EXERCISE REQUIREMENTS: Wherever pictures appear in the listing below, leave them out, and copy exactly, and only, everything from the line with "Boletín Oficial LUNES AÑO 2006" down to the line with "Umlogotipo De Urso".

DATASET EXCERPTS:
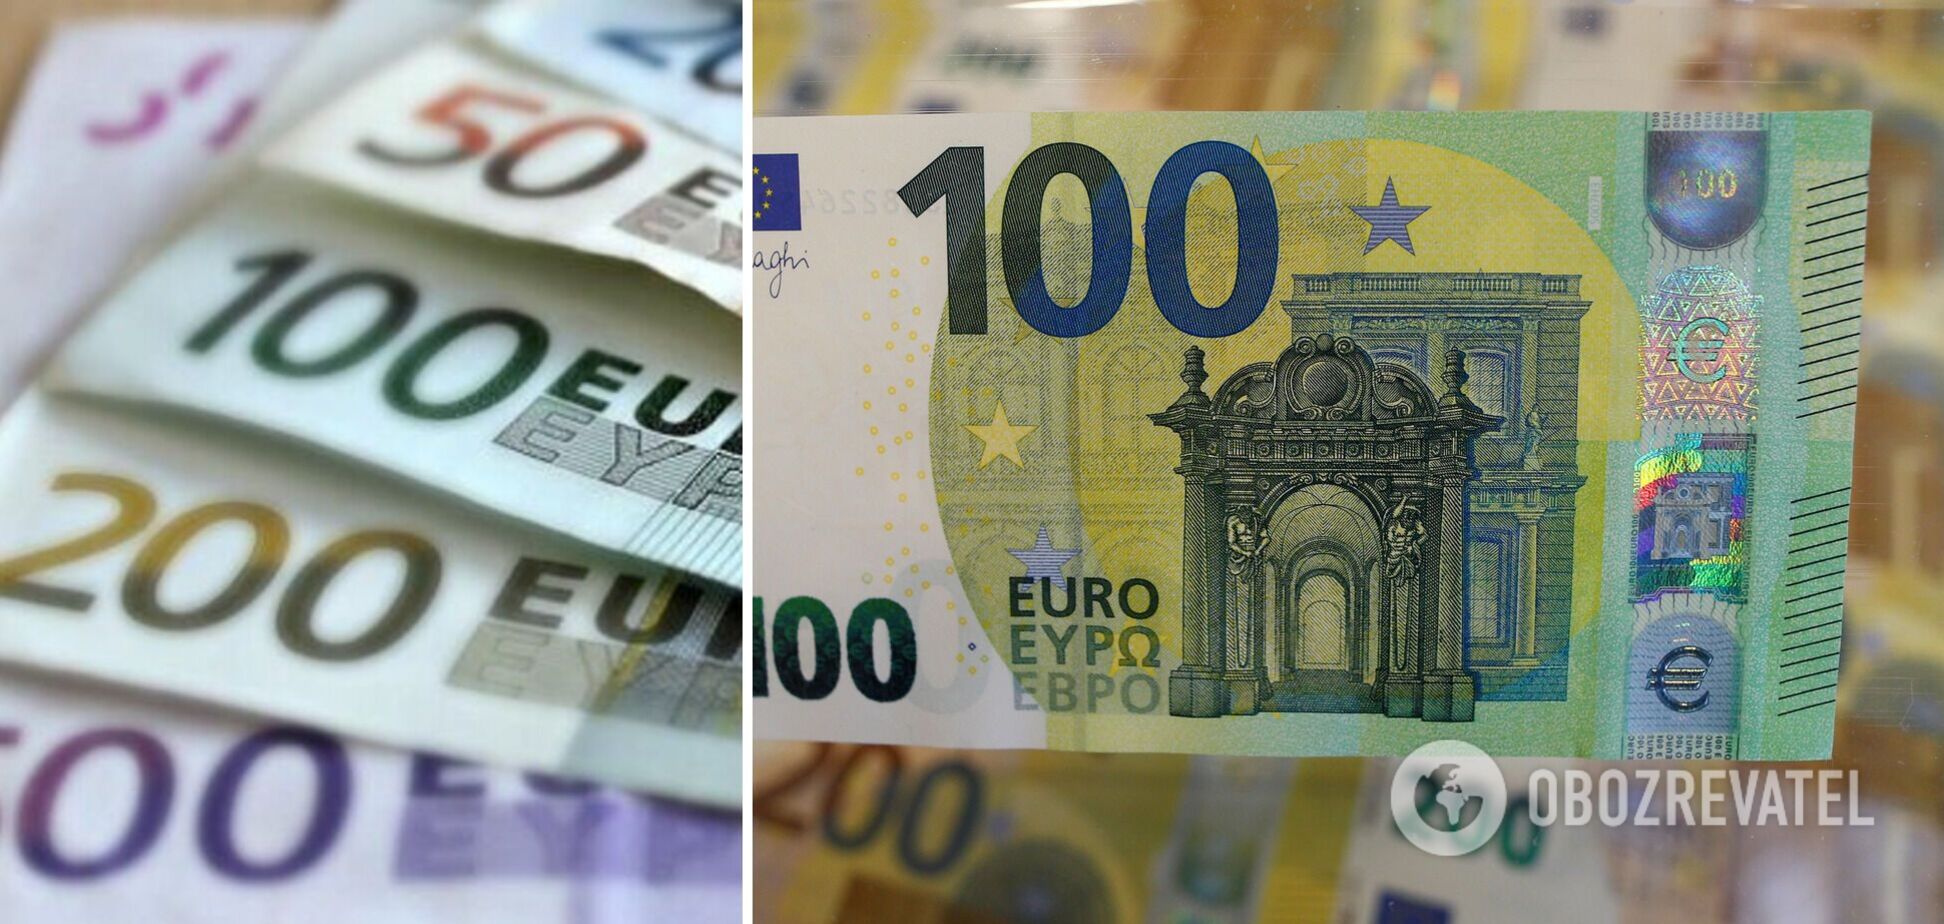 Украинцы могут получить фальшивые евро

==

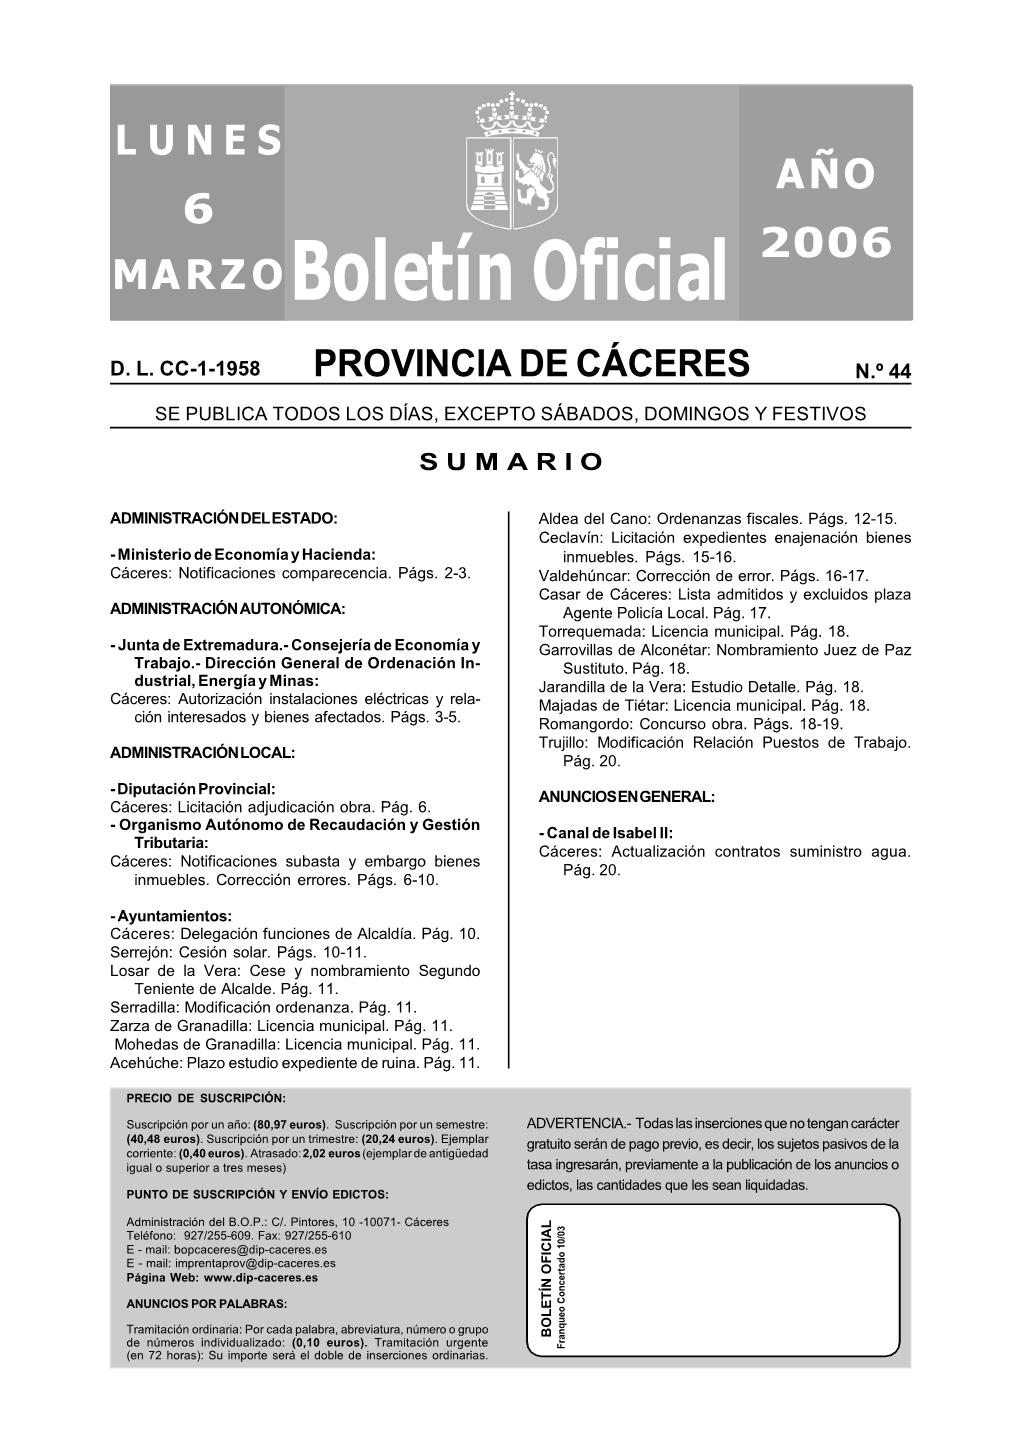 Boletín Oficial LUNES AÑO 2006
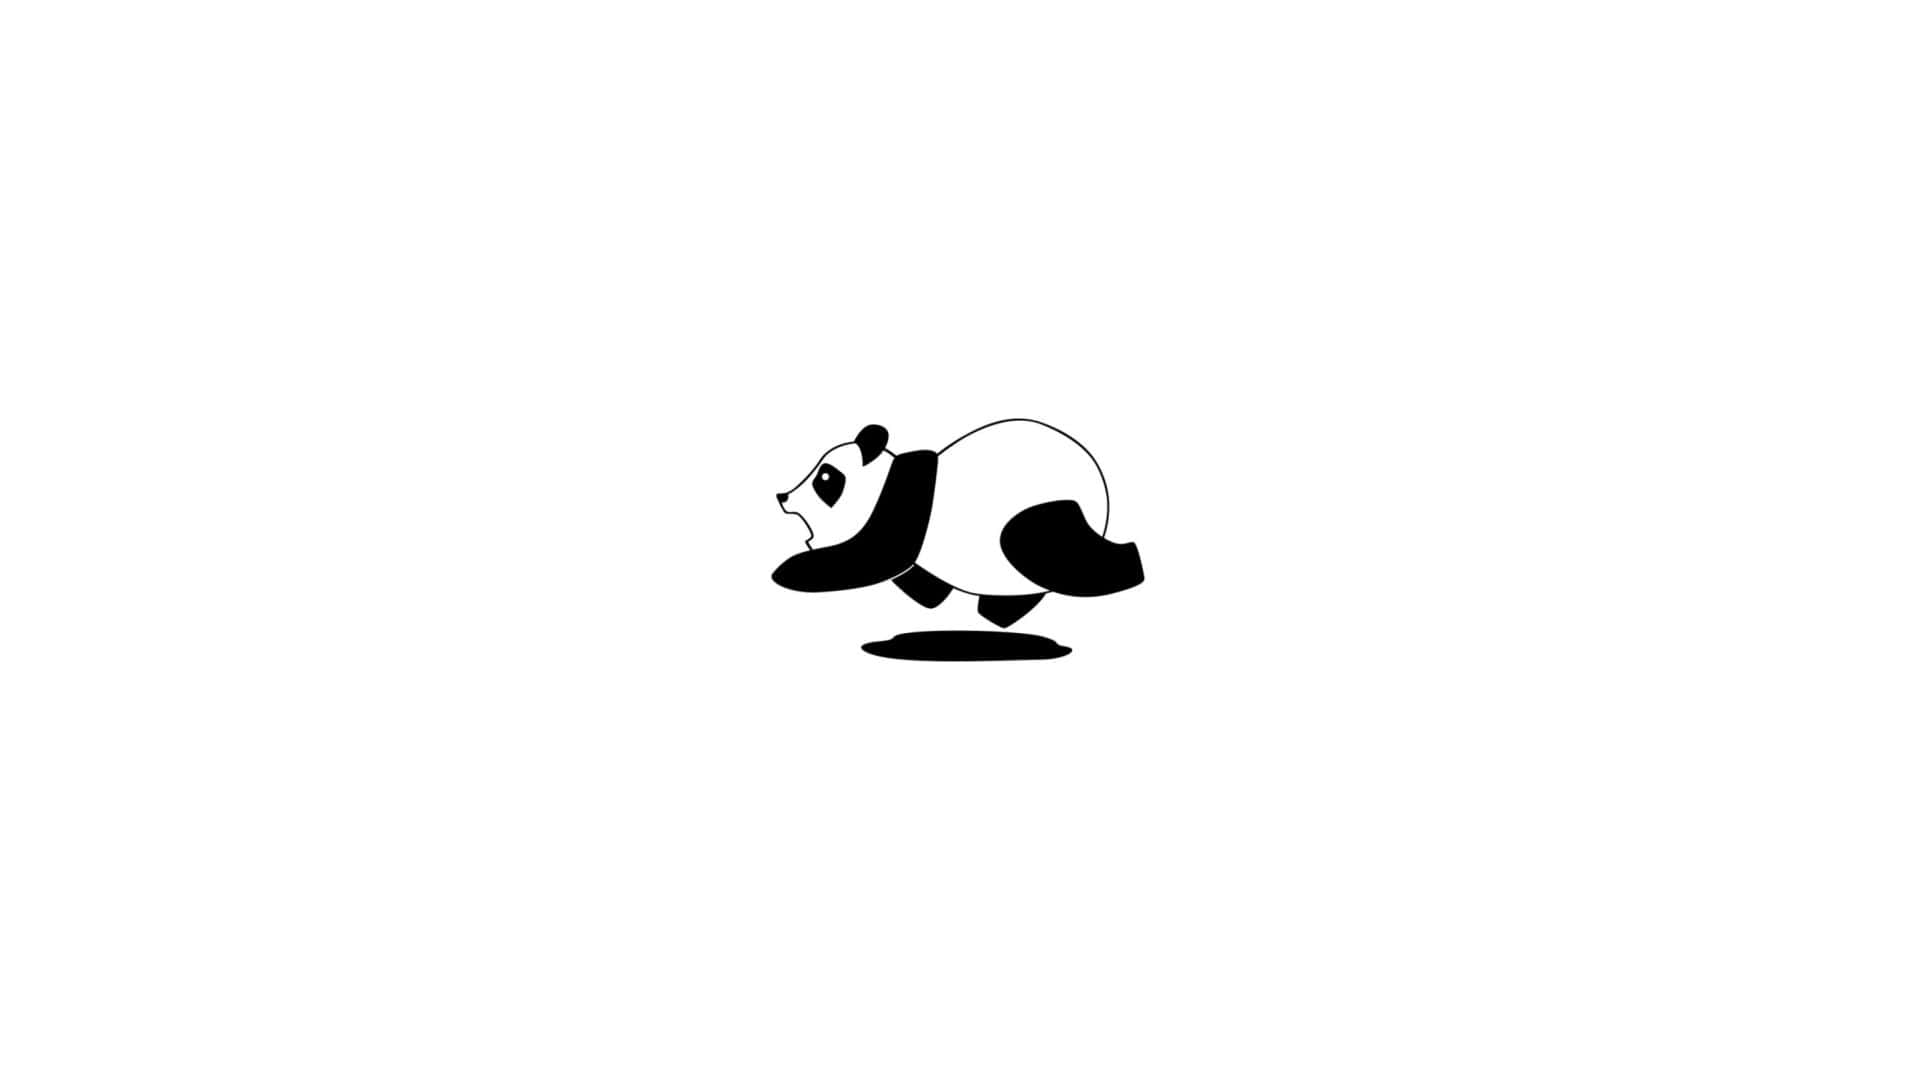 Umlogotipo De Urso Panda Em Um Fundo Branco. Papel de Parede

FINAL ANSWER:
 Boletín Oficial LUNES AÑO 2006
 Umlogotipo De Urso Panda Em Um Fundo Branco. Papel de Parede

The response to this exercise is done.